Section 3407 (formerly section 172) provides that failure of the insured to file proof of loss within sixty days of the claimed loss "shall not invalidate or diminish any claim" unless the insurer gives written notice that it desires proofs of loss and provides the insured with appropriate forms. Upon demand, the insured has sixty days, or longer if granted by the insurer, to furnish proofs of loss.
[4] Plaintiff's contention that it did not reschedule since the burden to reschedule another examination fell on defendant is unpersuasive. Indeed, the cases suggest that upon the unilateral cancellation of a scheduled examination by the insured the burden is on the insured to offer an alternative future date for the examination. See Azeem v. Colonial Assurance Company, 96 A.D.2d 123, 124, 468 N.Y.S.2d 248, 249 (1983) (plaintiff's failure to make any offer to submit to an oral examination after unilaterally cancelling scheduled examination contributed to court's determination that plaintiff failed to perform obligations under insurance contract); Bulzomi v. New York Central Mutual Fire Insurance Company, 92 A.D.2d 878, 878, 459 N.Y.S.2d 861, 862 (1983) (plaintiff's failure to set future date for compliance with defendant's notice for examination after unilaterally cancelling contributed to court's determination that record indicated pattern of noncompliance). While we create no rule as to who must reschedule an examination under oath if one party unilaterally cancels, we are of the view that defendant's failure to reschedule under the instant circumstances did not amount to an "outright denial" of the claim. Plaintiff was certainly free to attempt to reschedule particularly given its knowledge that defendant wished to have an examination under oath before deciding whether to pay the claim.
[1] We continue to use the shortened references as articulated in the March 28th Decision. The basic facts have already been stated in that decision and will not be reiterated here. Familiarity with the facts is assumed.
[2] We take this opportunity to correct a typographical error in the March 28th Decision. On page 815 of that decision, citing Lund's, Inc. v. Chemical Bank, 870 F.2d 840, 844 (2d Cir.1989), we stated that summary judgment was appropriate, when after drawing all favorable inferences of the nonmoving party, "no reasonable trier of fact could find in the moving party's favor." We correct that statement to read "no reasonable trier of fact could find in the non moving party's favor."

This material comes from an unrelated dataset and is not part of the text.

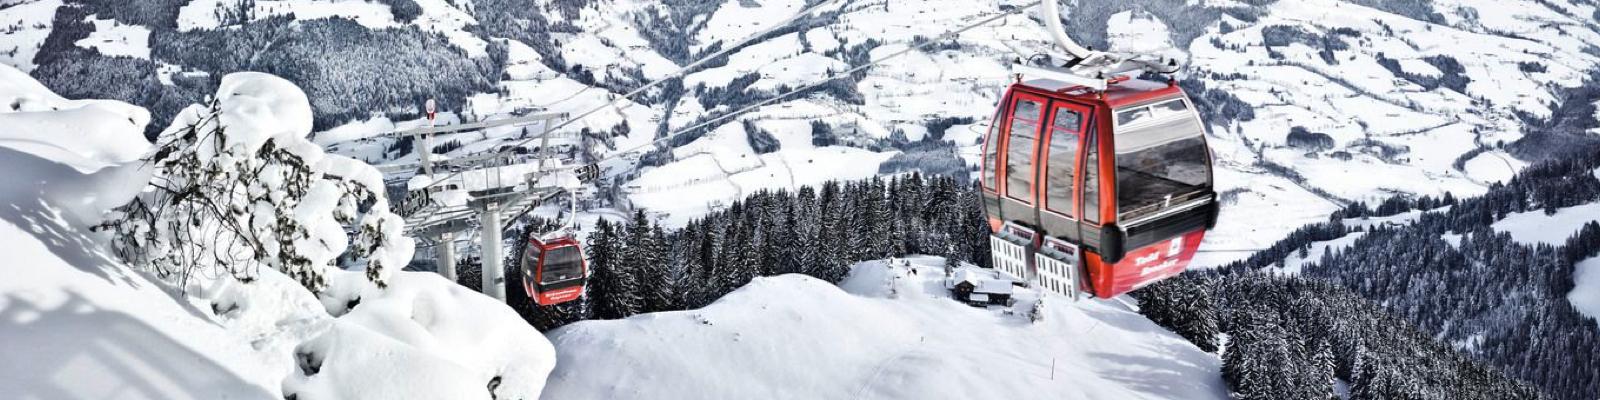 Uge 7: Kitzbühel med Hotelbus (4 skidage)

[3] Plaintiff implied in its original moving papers that an eight month delay between the loss and the first scheduled examination under oath constituted a denial of liability. Memorandum of Law in Opposition to Defendant's Motion for Summary Judgment at 9-10. Even if plaintiff was pressing this issue in its original papers, such an argument is unpersuasive. See Ganz v. Public Service Mut. Ins. Co., 551 N.Y.S.2d 437, 438 (N.Y.Sup.Ct.1989) (eight month period from date of loss to date of commencement of action cannot be equated as constructive denial of plaintiff's claim). Plaintiff's other argument that defendant's failure to reschedule the April 12, 1989 examination under oath constituted a denial of liability has been addressed in the March 28th Decision. March 28th Decision at 817.